For more information about EMDR please download the article below.

Art Therapy

This is the use of art materials for self-expression and reflection in the presence of a trained art therapist. Veterans who are referred to an art therapist need not have previous experience or skill in art, the art therapist is not primarily concerned with making an aesthetic or diagnostic assessment of the veteran’s image. The overall aim of its practitioners is to enable a veteran to effect change and growth on a personal level through the use of art materials in a safe and facilitating environment.

Anger Management

Anger management is a system of psychological therapeutic techniques and exercises by which a veteran with excessive or uncontrollable anger can control or reduce the triggers, degrees, and effects of an angered emotional state.

Anxiety Management

As above with anxiety being the focus of the intervention. May include relaxation techniques.

Sleep Hygiene

Sleep Hygiene is a method of following conditions and practices that promote continuous and effective sleep, including regularity of bedtime and arise time; conforming time spent in bed to the time necessary for sustained and individually adequate sleep (ie, the total sleep time sufficient to avoid sleepiness when awake); restriction of alcohol and caffeine beverages for several hours prior to bedtime; practice of exercise, nutrition, and environmental factors so that they enhance, not disturb, restful sleep.

Social Skills Training

A major goal of social skills training is teaching persons who may or have emotional problems about the verbal as well as nonverbal behaviours involved in social interactions. There are many people who have never been taught such interpersonal skills as making “small talk” in social settings, or the importance of good eye contact during a conversation. In addition, many people have not learned to “read” the many subtle cues contained in social interactions, such as how to tell when someone wants to change the topic of conversation or shift to another activity. Social skills training helps veteran to learn to interpret these and other social signals, so that they can determine how to act appropriately in the company of other people in a variety of different situations. Social Skills Training proceeds on the assumption that when people improve their social skills or change selected behaviours, they will raise their self-esteem and increase the likelihood that others will respond favourably to them. Veterans learn to change their social behaviour patterns by practicing selected behaviours in individual or group therapy sessions. Another goal of social skills training is improving a veteran’s ability to function in everyday social situations. Social skills training can help veterans to work on specific issues-for example, improving one’s telephone manners-that interfere with their jobs or daily lives.

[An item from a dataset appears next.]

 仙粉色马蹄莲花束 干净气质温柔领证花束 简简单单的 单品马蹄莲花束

Drugs maintenance and assessment for GP’s

Veterans come to us with their own medical history. During a two week stay, each of the treatment centres can help veterans conform to the medical treatment being prescribed by their own doctors. Whilst medicines cannot be dispensed by an individual treatment centre, appointments can be made with local GPs.

Physical Exercise and Outdoor Pursuits

Exercise is well known for stimulating positive mental well being. Some of our veterans have taken part in Outdoor Pursuits weeks in the Peak District that has seen very encouraging results. The week provides the opportunity for veterans to practice team building and team working skills and for them to rediscover abilities they had forgotten as a result of their psychological trauma and damage.

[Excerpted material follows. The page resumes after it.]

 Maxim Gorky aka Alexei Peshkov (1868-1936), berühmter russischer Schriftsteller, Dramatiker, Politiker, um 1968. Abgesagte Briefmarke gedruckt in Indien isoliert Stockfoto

Occupational and Recreational Therapies

Occupational therapy uses purposeful activity and meaningful occupation to help people with mental health problems and plays a key role in helping people overcome problems and gain confidence in themselves.

Recreational Therapists help individuals reduce depression, stress, and anxiety; build confidence; and socialize effectively so that they can enjoy greater independence, as well as reduce or eliminate the effects of their illness or disability. Using a variety of techniques, including arts and crafts, animals, sports, games, music, and community outings, therapists treat and maintain the physical, mental, and emotional well-being of their veterans.